Sue Tennant: "Geri was a fantastic partner in this visit to Bihar because she was so sensitive, spiritual and observant. Her descriptions are accurate, but if she downplays anything it is the effects of the extreme cold and fog and how difficult it was for the sisters, teachers and children and our fearless driver, Manager. When visibility was zero, Geri rode on the far left passenger side and had to unwind the window to shine a flashlight on the road's edge so we wouldn't end up in the ditch."

2009 Report from Bihar

by Geri Johnson


After nine days with FreeSchools World Literacy president, Sue Tennant, visiting 32 of 40 FreeSchools in Bihar, I returned to the comforts of home, back to 24-hour electricity, broadband computer access and hot showers*, but I will never be the same person I was before Bihar. The lives of many people have added to my life and changed me in the best of ways. It was not the pervasive poverty, the horrific filth or the chaos which tugs at your consciousness, that so touched me. Unfortunately, I have seen dire poverty before though maybe not as intensely as this time. It was the resilience of people facing challenges of immense proportions, their joy in simple things, their courage to envision change and their faith that it would happen. It was their humility, generosity, hunger for learning and zest for life that touched the core of my being.

The story of FreeSchools, which now has 70+ programs in Bihar, South Delhi and Northern Thailand, begins with Sr. Crescence and Mark Bloomfield in Bihar. That story has been told in prior accounts (www.freeschools.org) and will not be recounted here. However, the continued success of FreeSchools is based on the determination of Sr. Crescence that all children deserve to be educated, the service and stamina of Sue Tennant, who shares Sr. Crescence’s vision, and all those who have contributed to FreeSchools and/or its related projects.

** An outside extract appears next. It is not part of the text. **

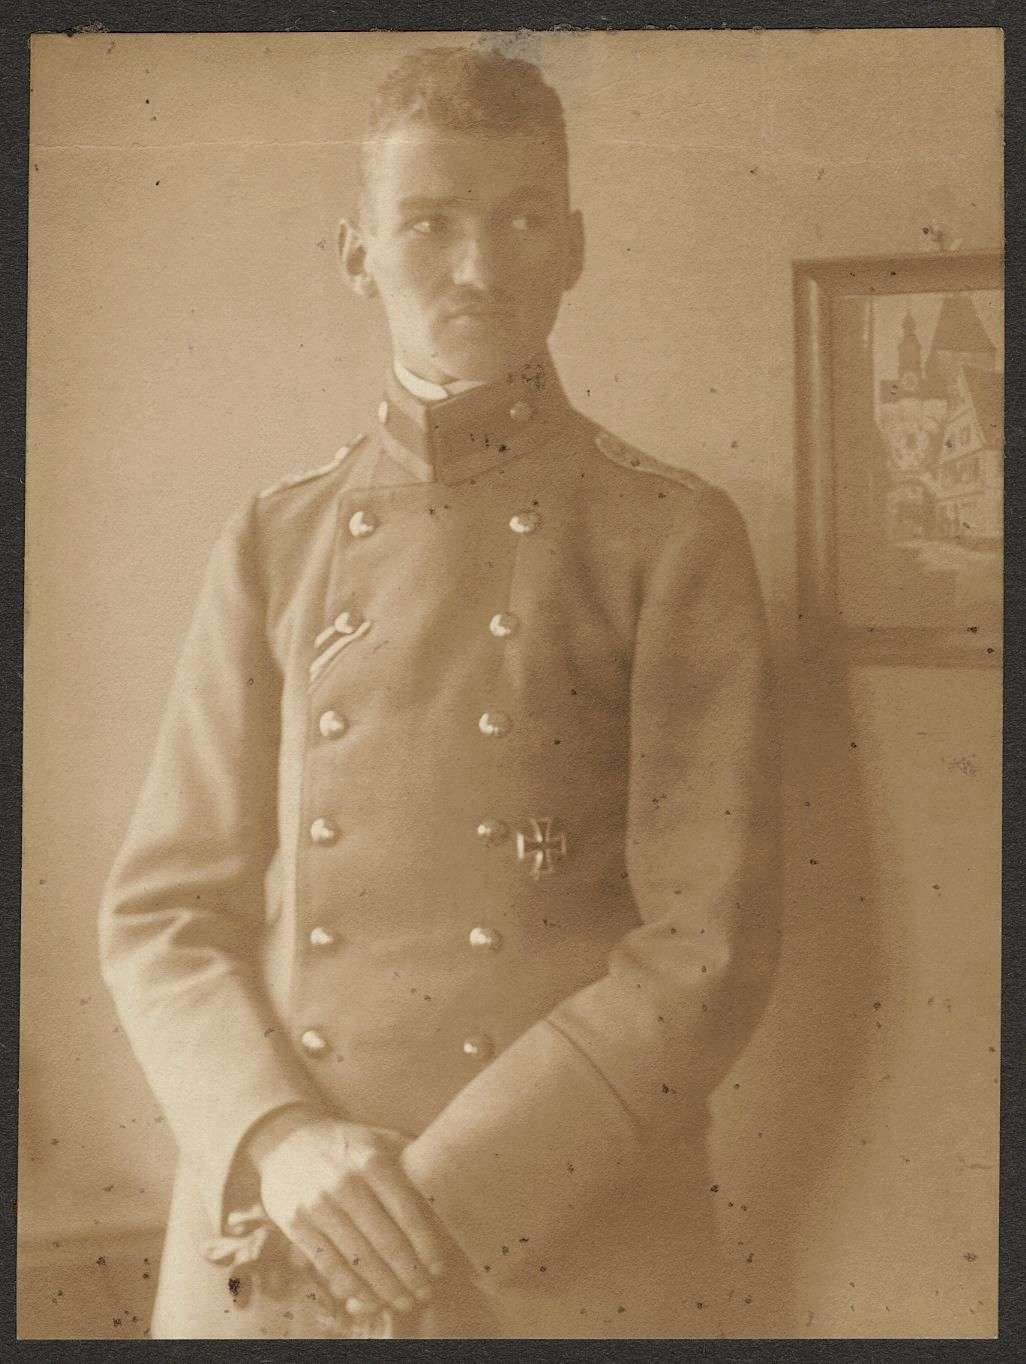 Hahn, Ludwig, Bild 1

Saskia Raevouri’s journals of the journey she, Sue Tennant, John Lange and John Tennant experienced with the Bihar FreeSchools accurately detailed what we saw. While change has occurred in the minds and aspirations of individuals, the physical environment remains as documented by Saskia, with the sole exception that she journeyed in sweltering heat and with pesky flies—the fog and cold saved us from the flies. So these musings will share another aspect of the FreeSchools in Bihar… and most likely in no particular order.

* * *

FreeSchools is a secular charity dedicated “to breaking the cycle of ignorance and poverty through free education” one village at a time. A preference is given to educating girls. Parents are told to send their girls first and then the school will accept their sons. As the name implies, FreeSchools is tuition free. It offers a basic program of reading, writing and math for 2-3 hours a day, typically in the late afternoon. For girls age twelve and older, there are now five tailoring schools to teach sewing, knitting and crocheting. The requests for more tailoring schools are frequent.

The FreeSchools charity was organized by Sue Tennant and registered in Canada. Organizational and promotional expenses have been assumed by volunteers so that 90 % of donations go directly to the field. Salaries are paid only to the FreeSchool teachers and a few indispensable area managers. All volunteers donate their time and pay their own expenses.

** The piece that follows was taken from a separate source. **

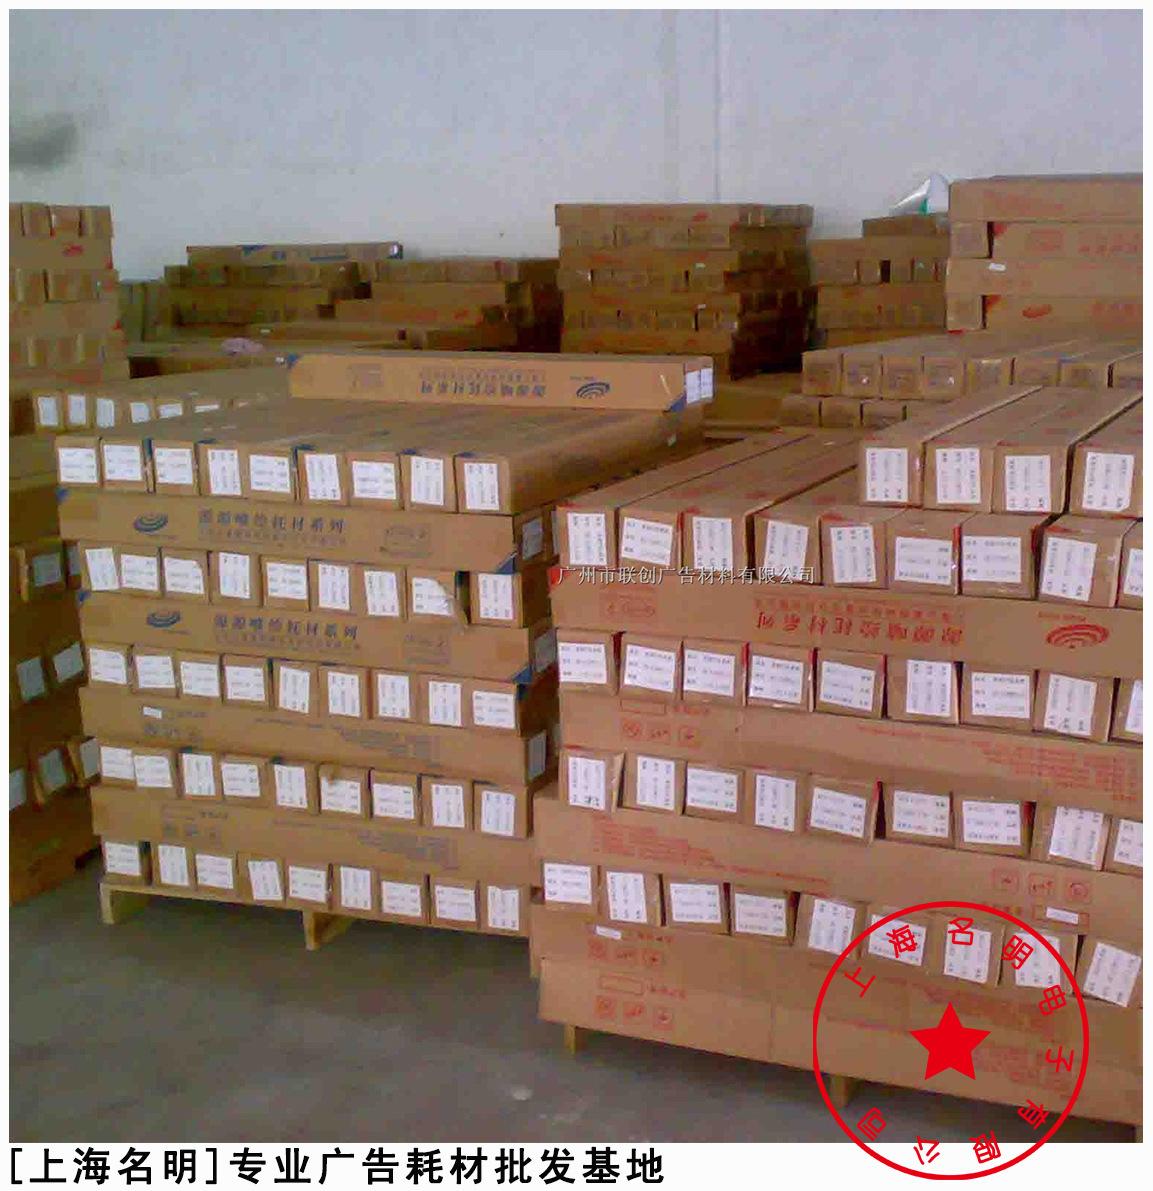 上海耗材批发  [户内130g背胶PP合成纸]  水性BY160PP背胶合成纸
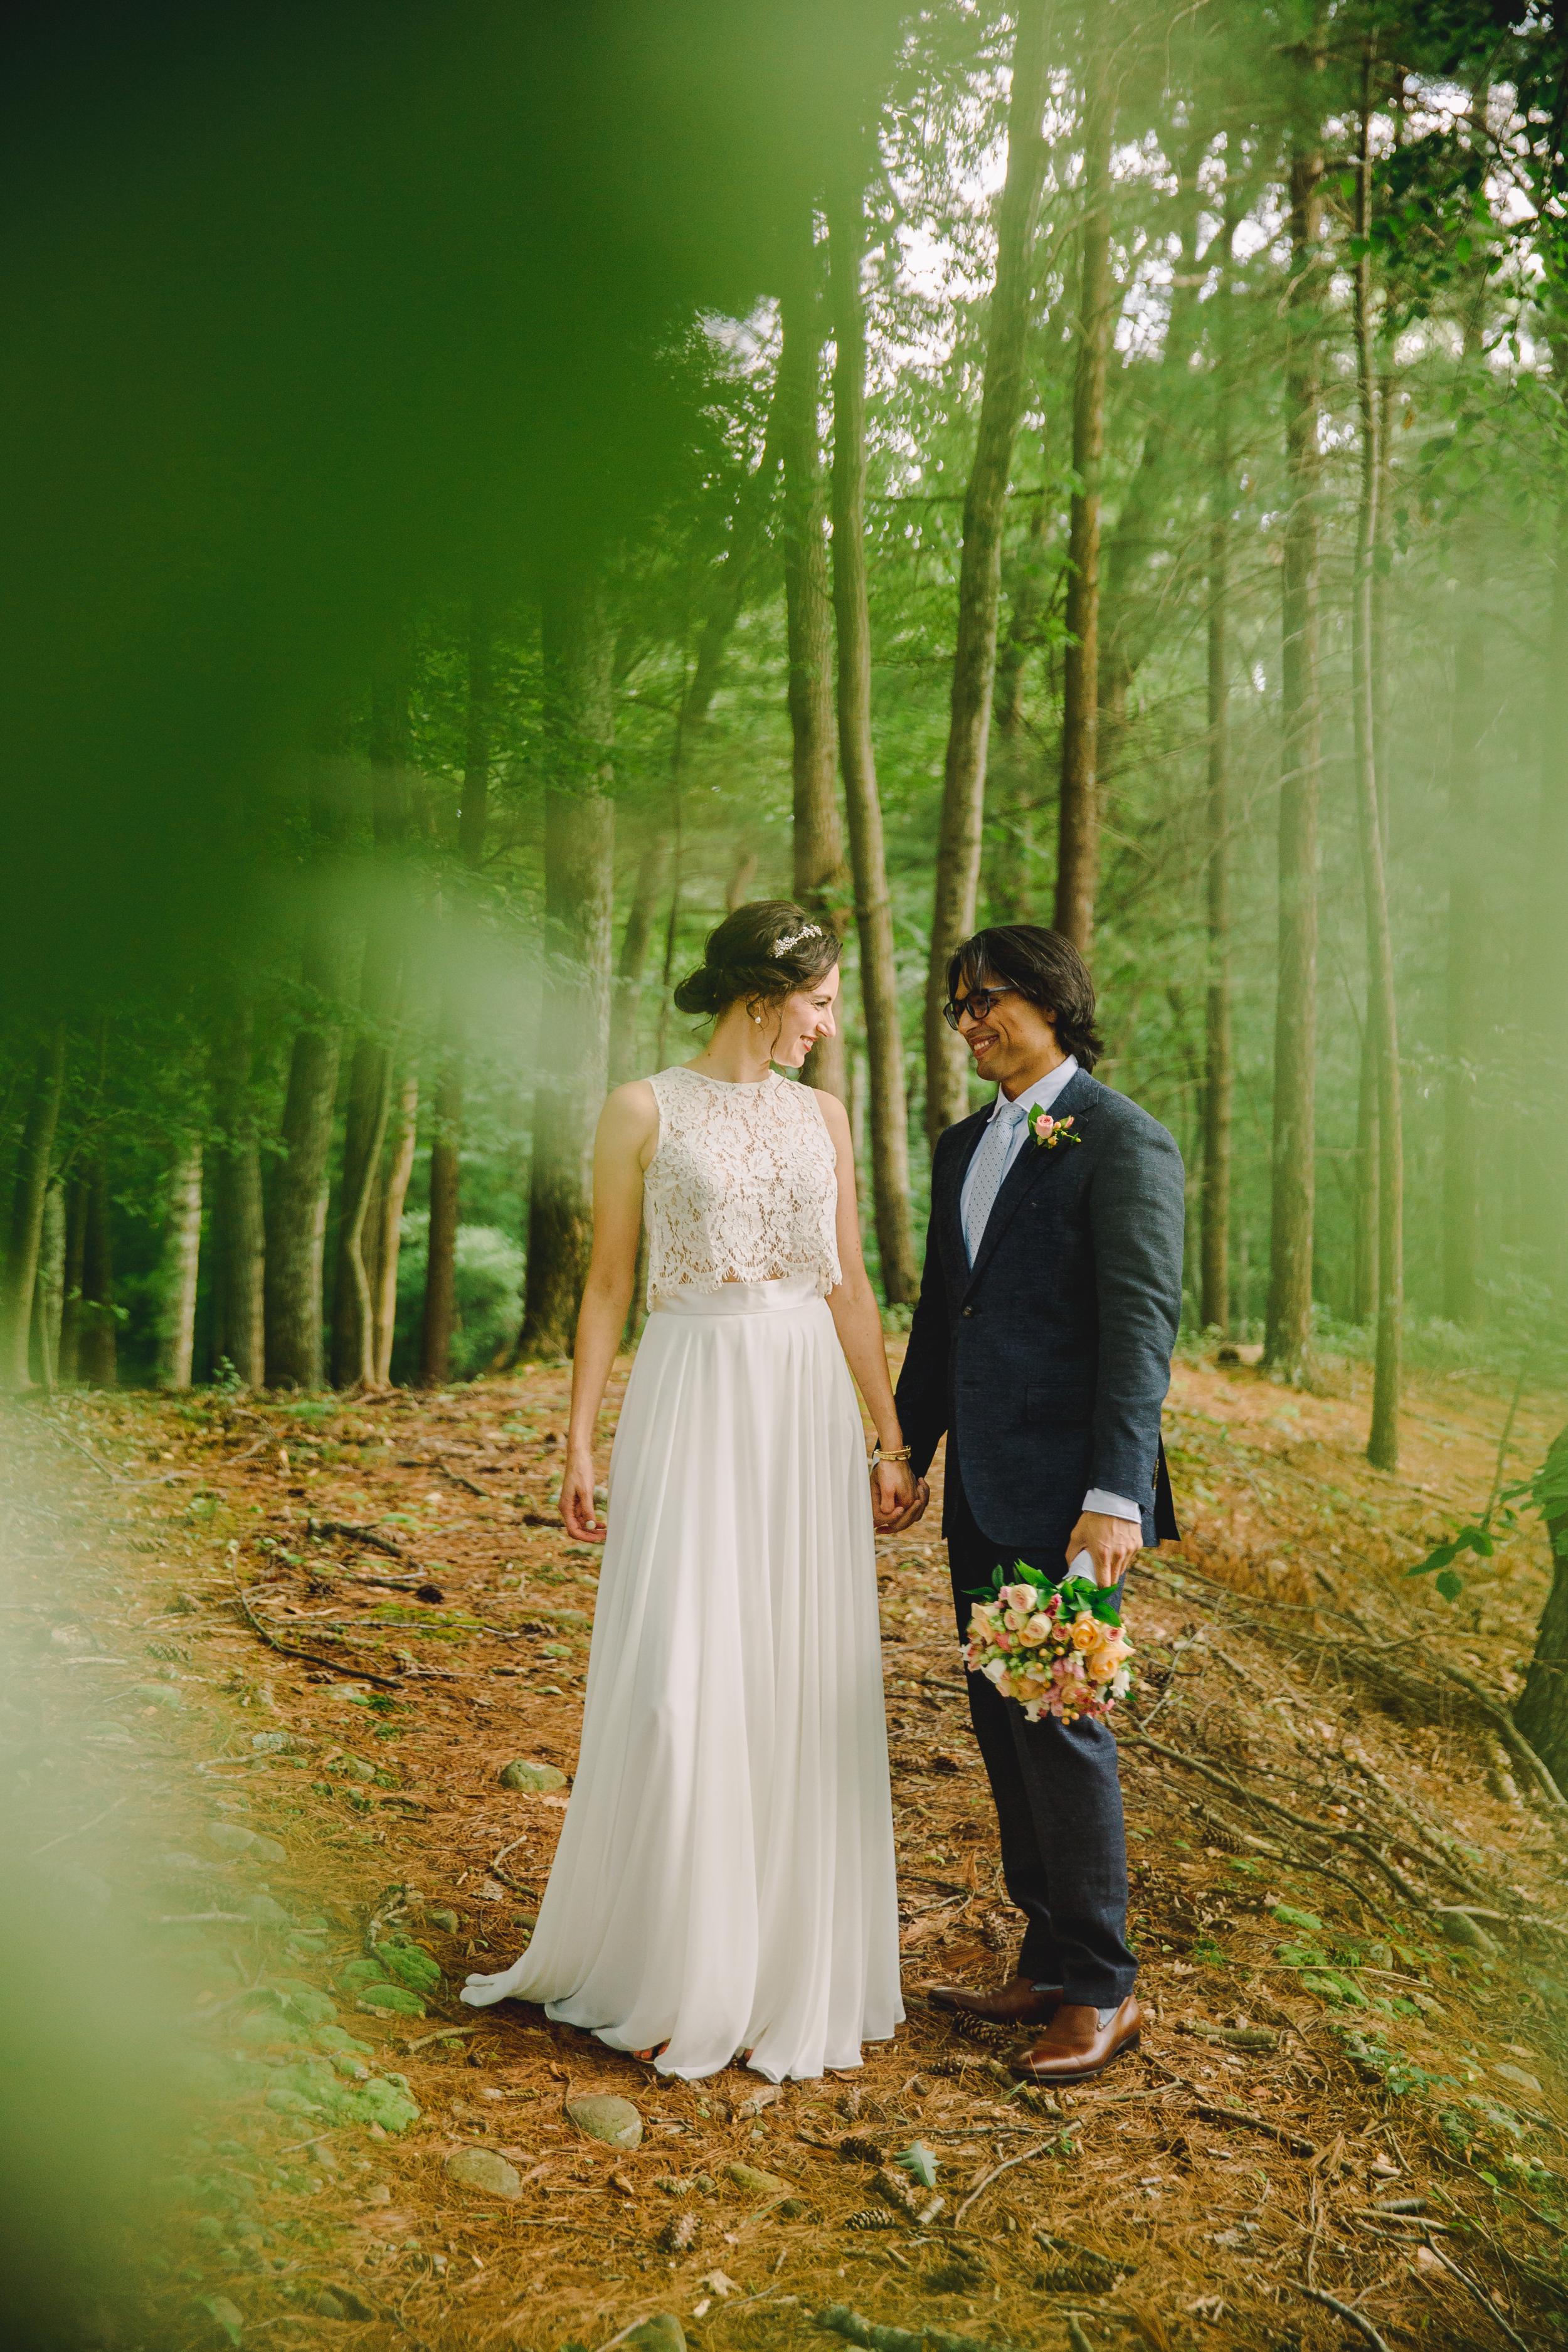 capecod_backyard_wedding_photos_mikhail_11.JPG

Sr. Crescence was our hostess, mentor, and guide into the villages, the schools and the lives of all whom we met. Her vision created the FreeSchools concept and she continues to manage the Bihar programs. With a small cadre of helpers she finds villages willing to have a school, hires and trains the teachers, provides basic school materials (think chalk, chalkboard, slates and a few books) and carefully watches the progress of the children. She is ever on the lookout for where and how to expand education in the lives of children who have few options in life. In her calm and gentle manner, she does not miss a single “teaching opportunity” for a child or their parents. She manages the resources, stretching pennies artfully, and accounts for everything.

Sr. Crescence is the head of the Sacred Heart Society at the Banuchapur convent in Bettiah, Bihar. She has had an uncommon history, which included twelve years as the Mother Superior of the whole order, but that tale will wait for another day. We stayed at the convent, welcomed as family, and we were blessed with a glimpse into the world of these approximately two dozen women who serve as teachers, nurses and social workers to a community that numbers some 17 million people. (Bihar vies with Orissa for being the poorest state in India.) The sisters are forbidden to proselytize their religion. They live dedicated lives of loving service, unselfish devotion, undying hope, merciful ministry and abiding faith.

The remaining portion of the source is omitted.